§ **What you will do**
Pictures excluded, retype the lines from the one containing "Chakir Turkish Linens" through the last line of the data below, both included.

§ **Recorded data**
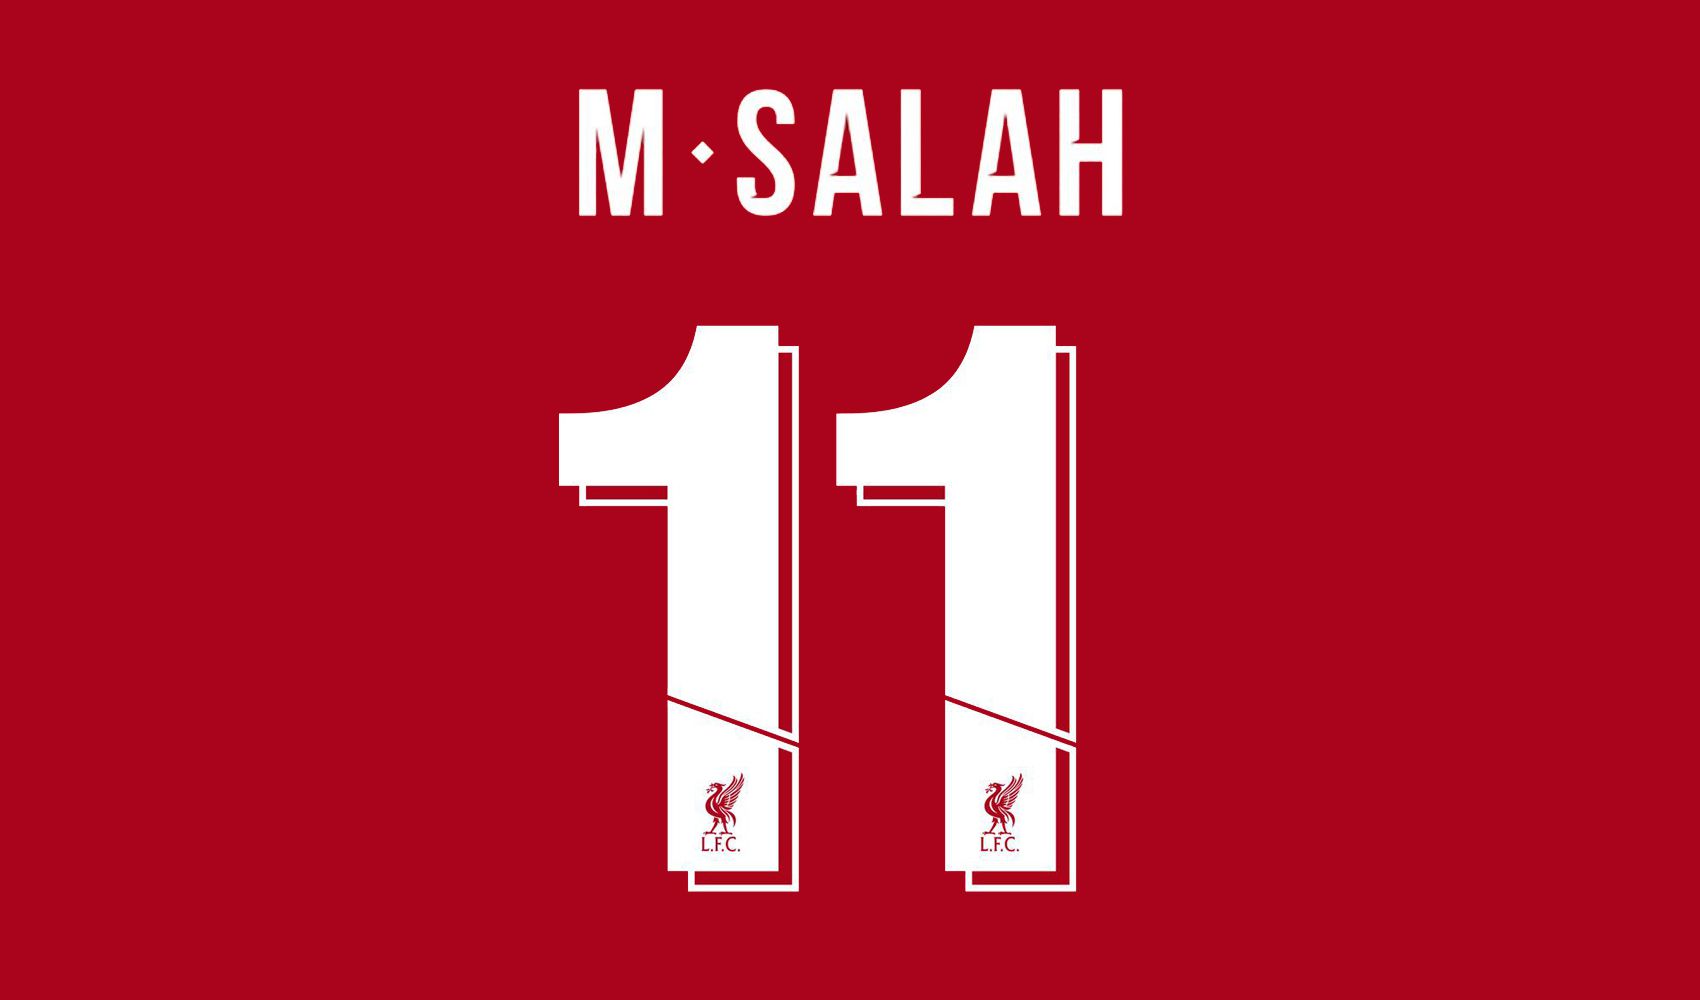 Font Liverpool 18-19
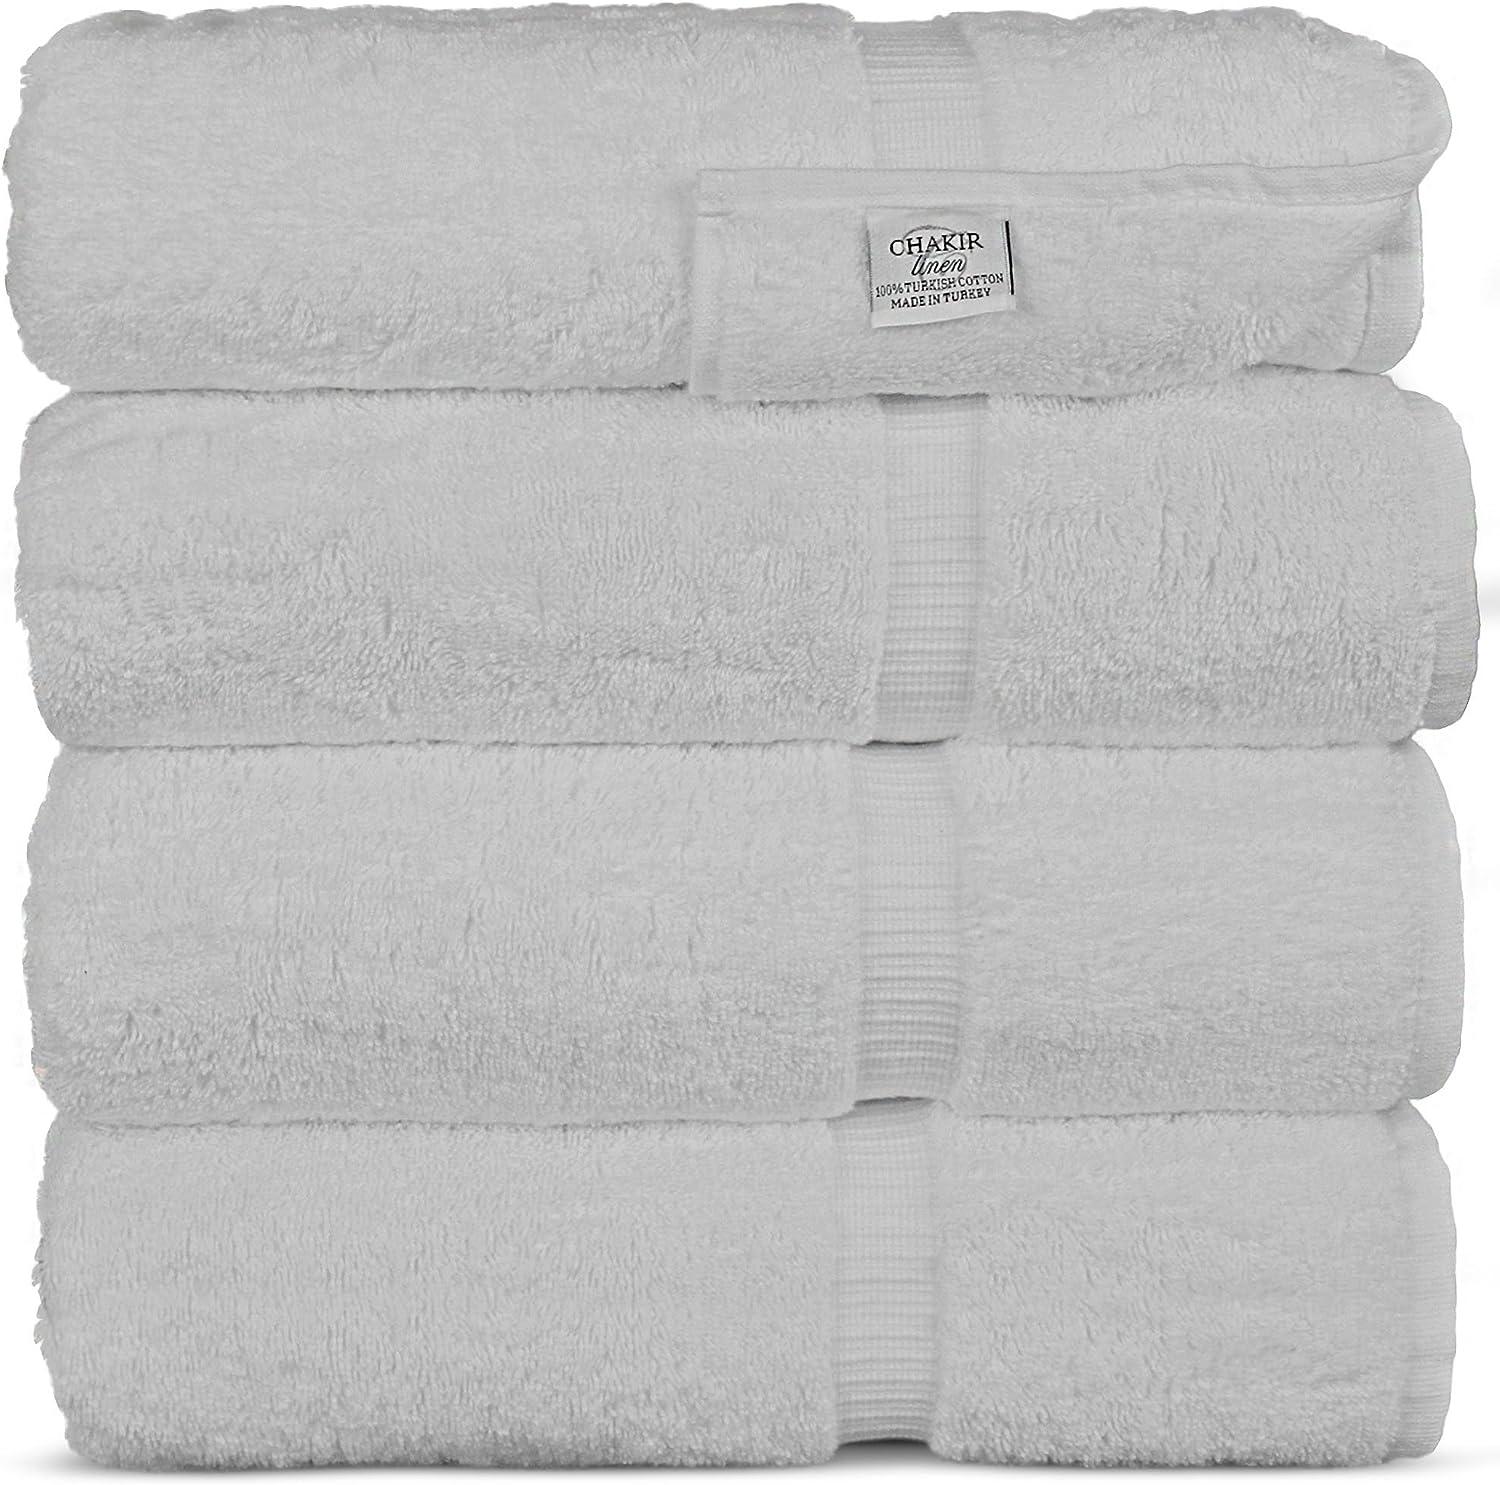 Chakir Turkish Linens 100% Cotton Premium Turkish Towels for Bathroom | 2  Bath Towels - 2 Hand Towels, 2 Washcloths (6-Piece Towel Set, White)
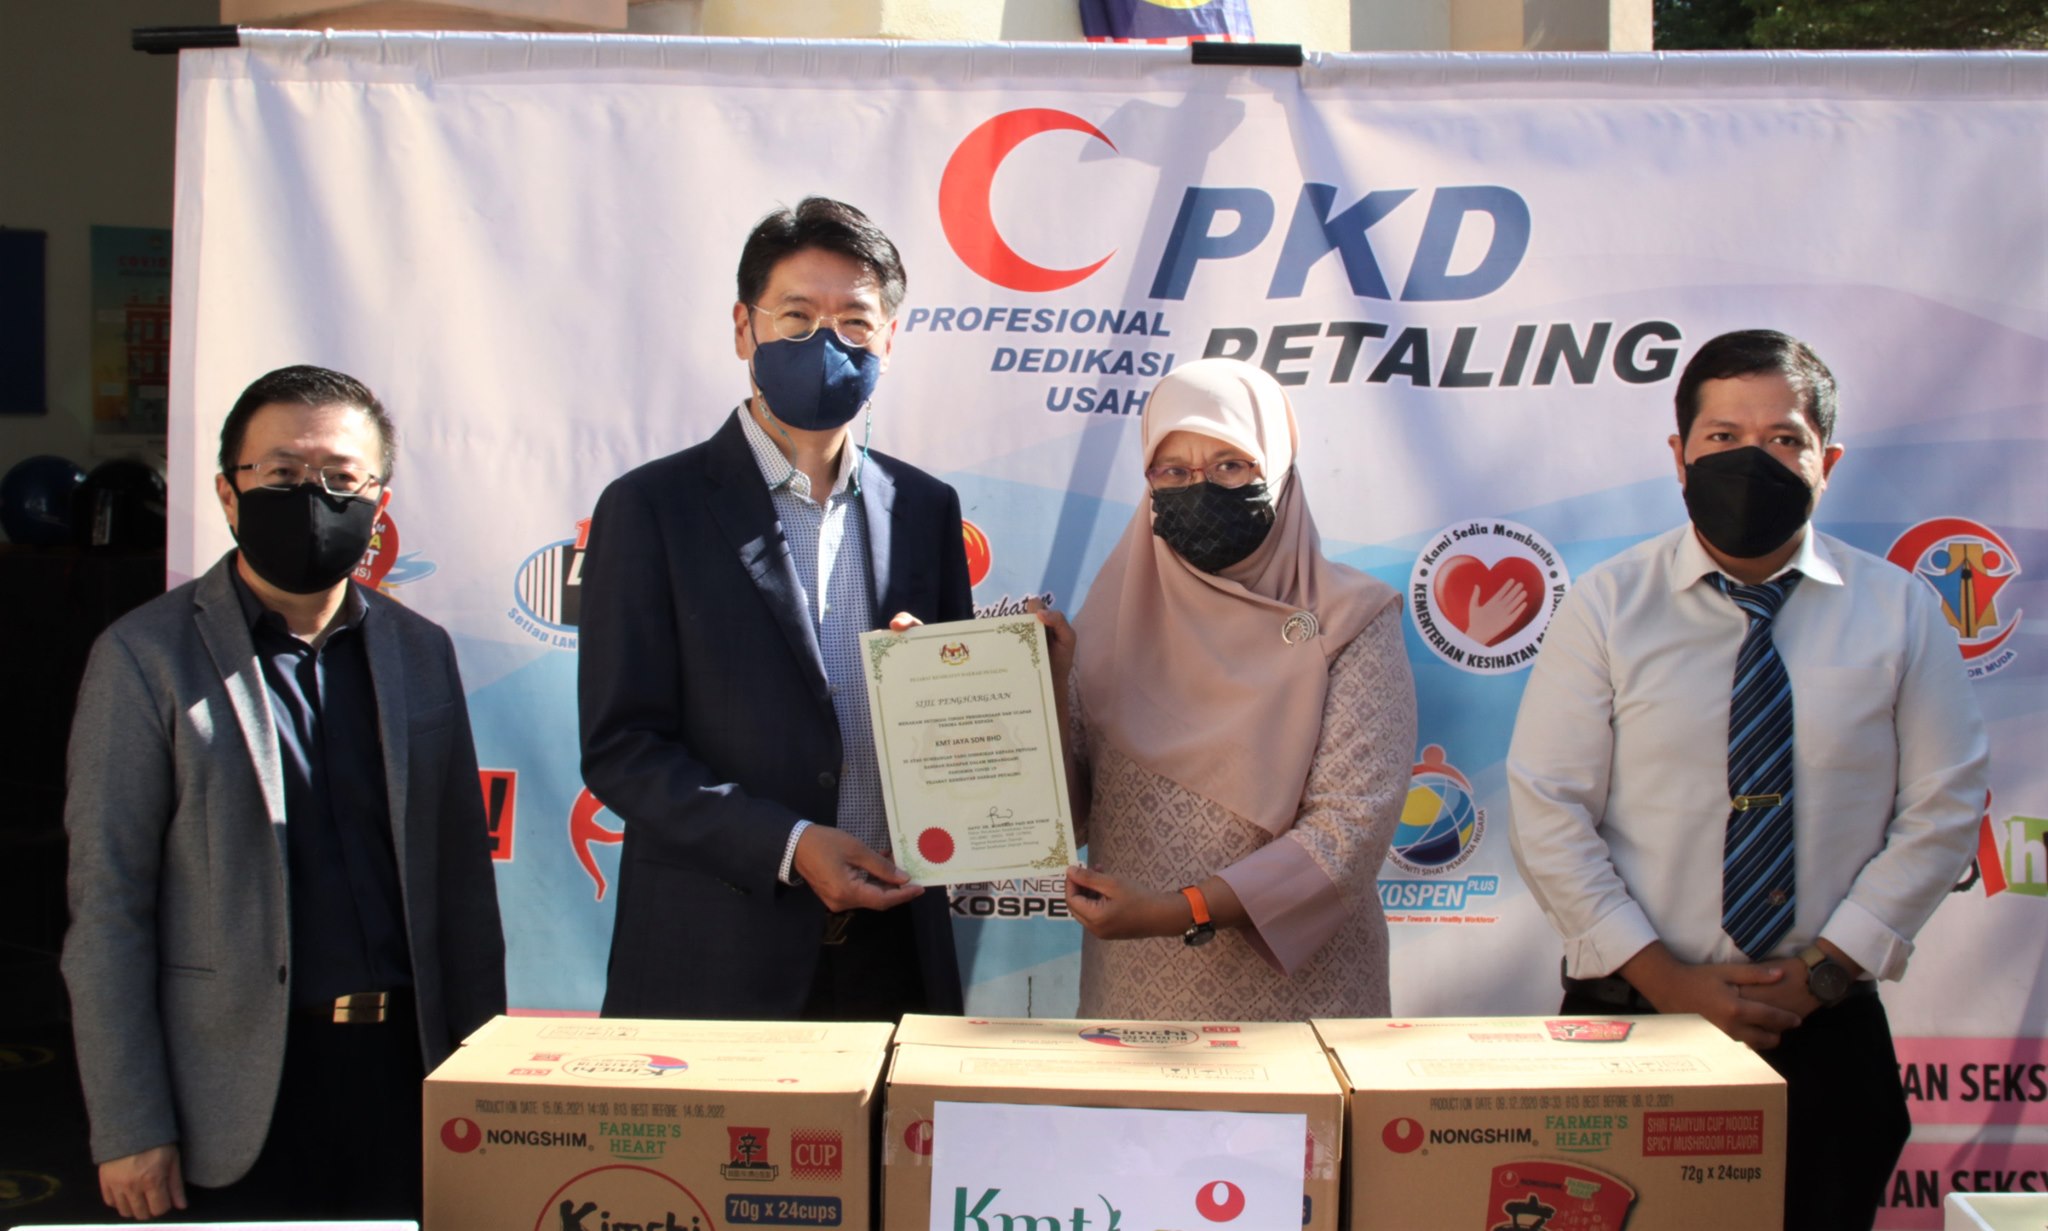 2021 Sep – KMT extending their support to Kementerian Kesihatan Malaysia (KKM)

§ **Written answer**
 Chakir Turkish Linens 100% Cotton Premium Turkish Towels for Bathroom | 2  Bath Towels - 2 Hand Towels, 2 Washcloths (6-Piece Towel Set, White)
 2021 Sep – KMT extending their support to Kementerian Kesihatan Malaysia (KKM)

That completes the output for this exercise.